Unless you’re particularly lucky, there usually comes a time in every relationship when you worry about losing the other person. Sooner or later, insecurity gets the best of us and that’s true for men too. At some point in most serious relationships, he’ll start to worry that he’s losing you whether you’re actually thinking of leaving or not. Here are some signs this is happening in your relationship.
- He’s overly eager to spend time with you. Obviously he’s going to want to see you, but if he’s pushing harder than usual to spend quality time together, there’s probably something that he’s not sharing with you. It’s possible that he’s trying to overcompensate for something. He thinks that he’s doing something to push you away and wants to make up for that by trying to spend time with you.
- He gives you presents for no reason. Giving you gifts is another way that guys tend to overcorrect if they made a mistake that might motivate you to leave them. In this case, he’ll give you presents even when it’s not a special occasion. He might do this to help give you a reason to stay with him. In fact, some guys will even go overboard and get you a ring out of fear of losing you. Don’t be fooled!
- You’ll get your way more often. When a guy thinks he might lose you, he’ll be more willing to let you have your way. He’ll want to make you happy at all costs and he also won’t want to fight with you for fear of that being the final straw in the relationship. That means he’ll cave in easily at the first sign of you getting upset.
- He tells you that he misses you. Time spent apart will fill him with anxiety. Even if you’re away from each other for a day or two, he’ll let you know that he misses you. He’ll want to make it clear that you’re always on his mind to help convince you that he’s committed to the relationship and hopes you are too.
- He takes an interest in your family. Guys think that if they can entrench themselves into your family, it won’t be so easy to leave him. If they start to worry that things could end, they’ll try to play a more meaningful role in your relationship with your family. Part of it is to show that they’re committed, but it’s also to make you think twice about ending things.
- He talks about the future. If a guy talks about the future in a way that assumes you two have one together, perhaps you’ll go along with it. This will help him convince you that he’s serious and that he wants to stay together for the long term. Plus, if he’s worried about you leaving him, he’ll want to get you thinking about a future together rather than apart.
- He’s (overly) attentive. Men who are fearful of anything suddenly want to meet your every need. They become super attentive, almost to a fault. They want to do whatever it takes to make sure you’re getting everything you want out of the relationship. This is another way that a guy who’s worried will try to overcompensate for something they think they did wrong in an effort to make you want to stay.
- He asks a lot of questions. This almost goes hand-in-hand with being overly attentive. If he fears a breakup is coming, he’ll ask a lot of questions to show you that he’s interested and attentive. At the same time, he’s also fishing for information with his questions.
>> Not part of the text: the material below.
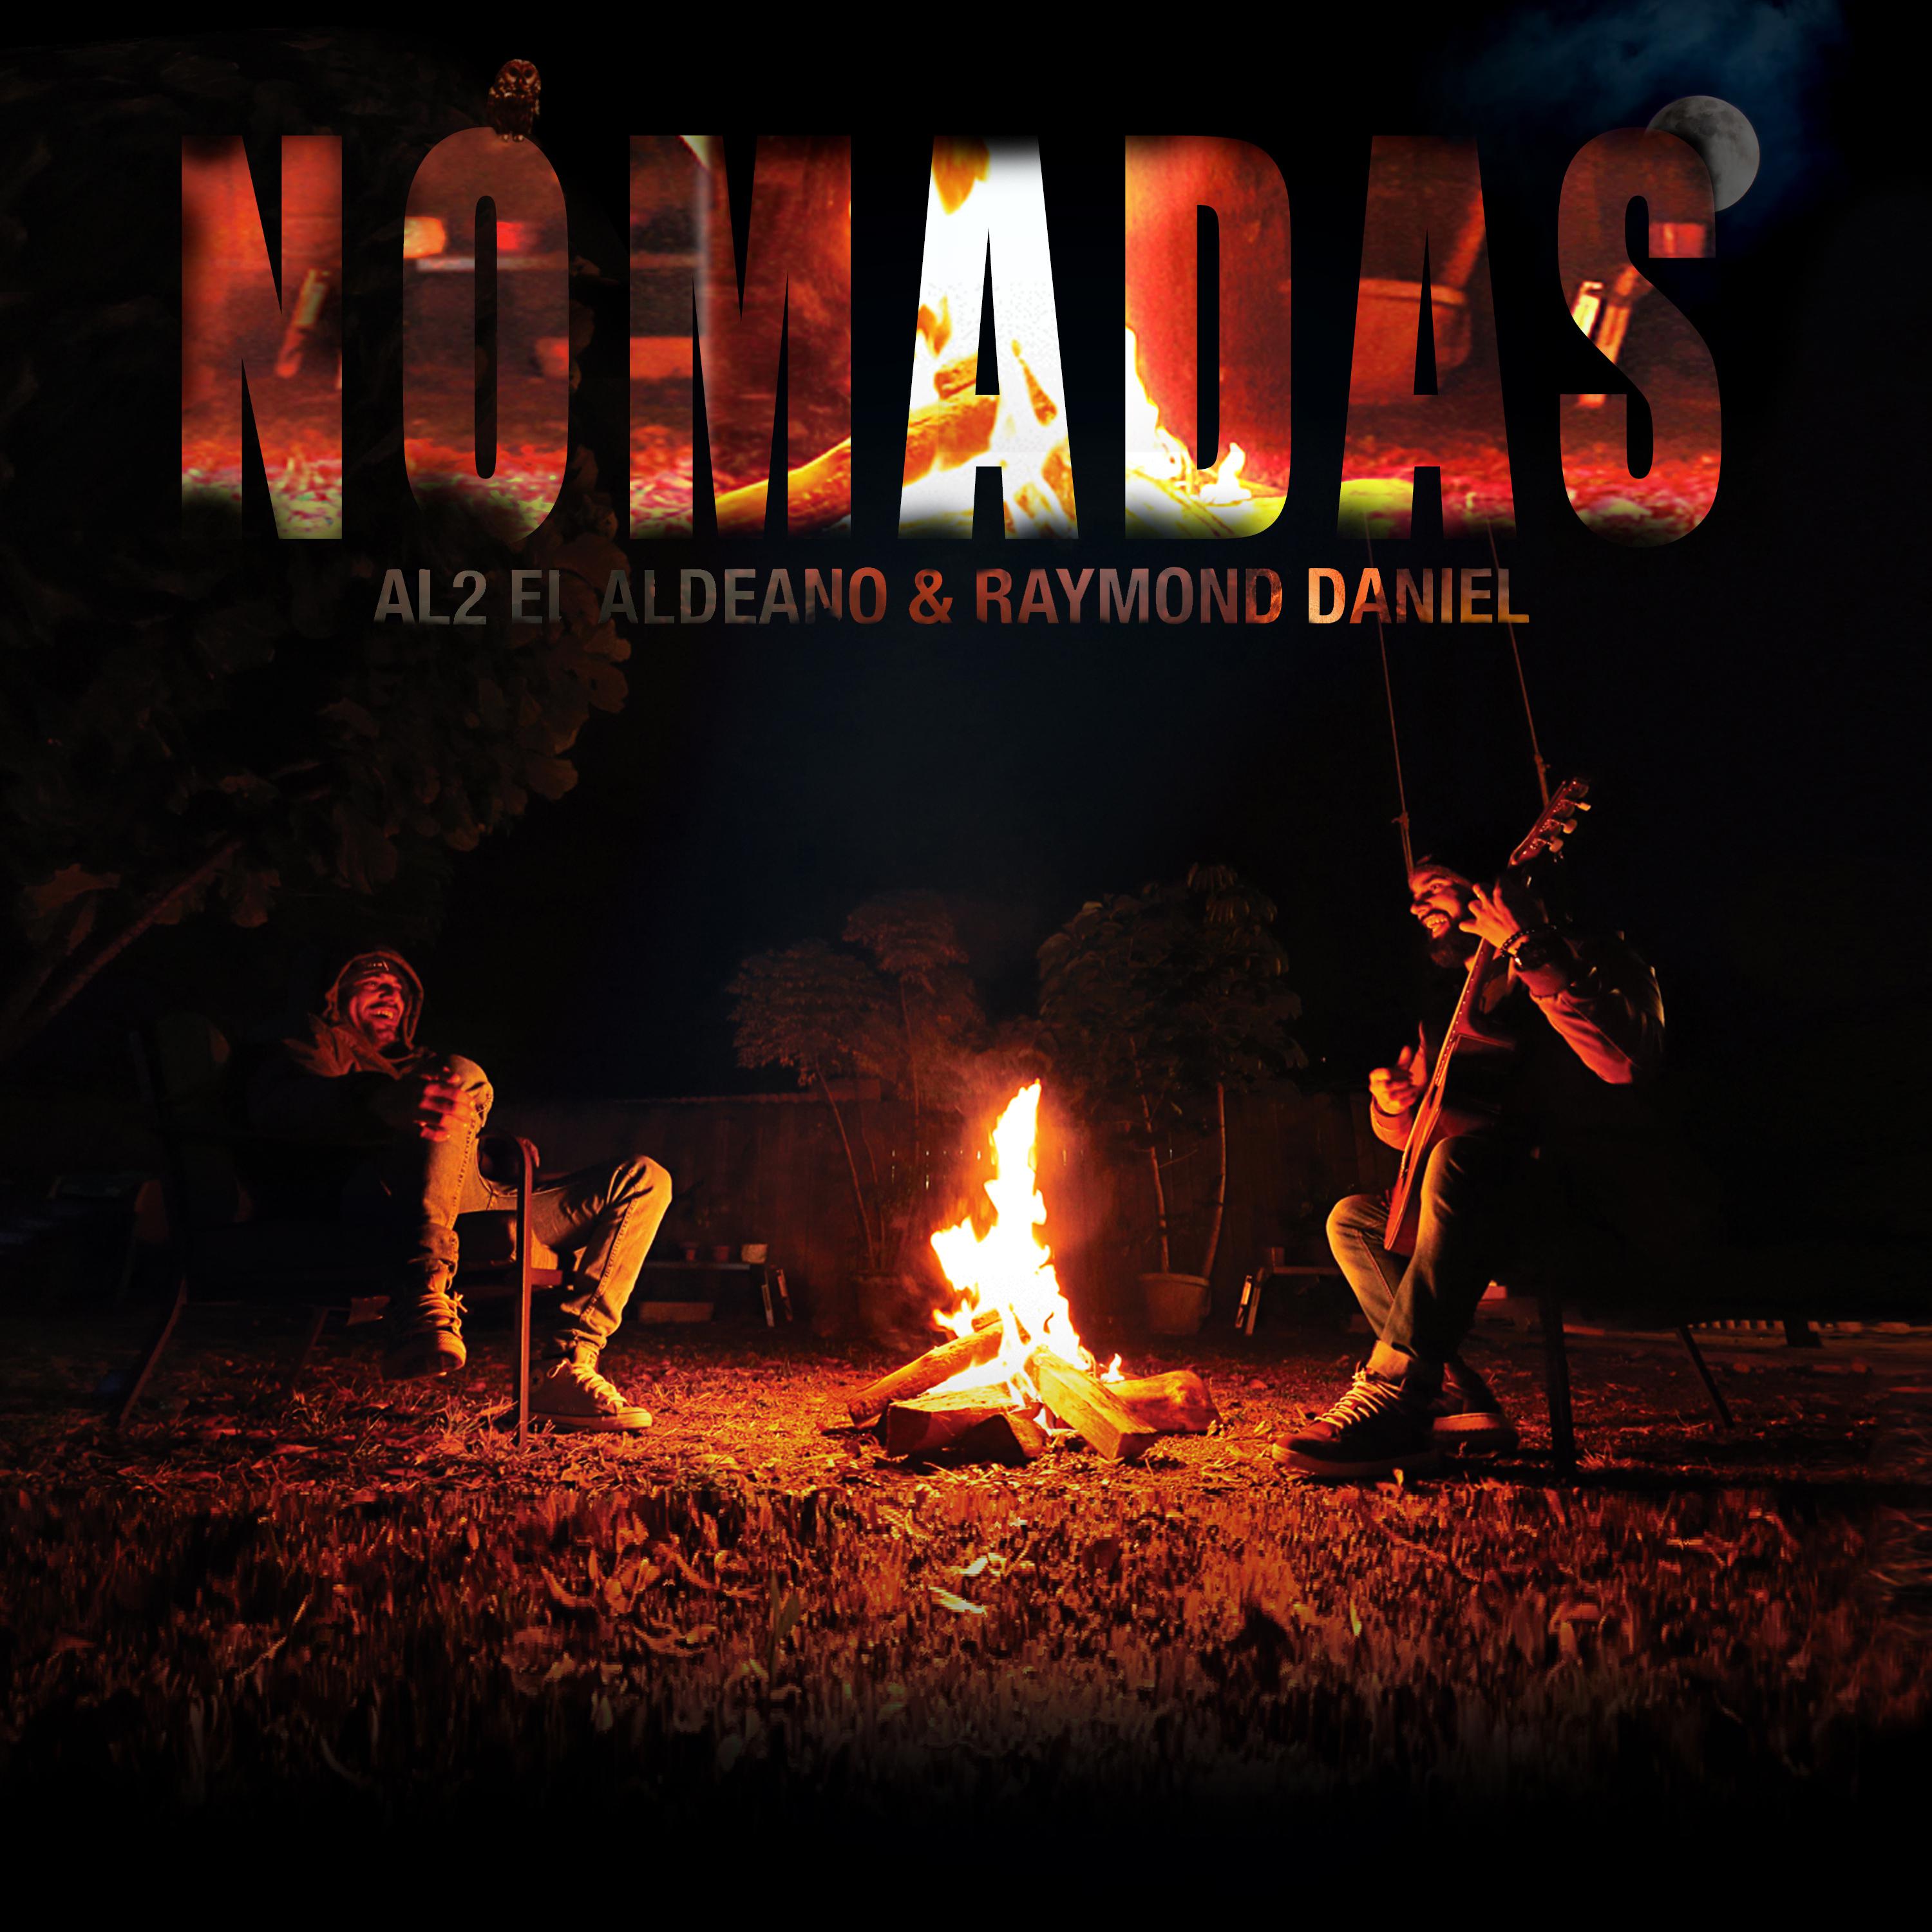 Постер альбома Nómadas

He wants to find out if there’s a problem with the relationship and if he’s right to be fearful about losing you.
- His behavior changes. Only you can tell if the behavior of your boyfriend is a little different from normal. Just keep in mind that any kind of behavioral change is usually indicative of some deeper issue. If he’s concerned you might leave him, he might assume that he’s doing something wrong. This could make him want to do something different in hopes that it will convince you to stick around.
- He’s suddenly overly jealous. If a guy is afraid of losing you, one of his first instincts is to think that there’s someone else in the equation. I mean, is that not the case a lot of the time? Naturally, that will stir up jealous feelings inside of him. Even if it’s not true, it’s common for a guy’s jealous side to come out when he’s worried about being left by you. He realizes that if you leave him, you’ll end up with someone else at some point. That’s enough to send him over the edge.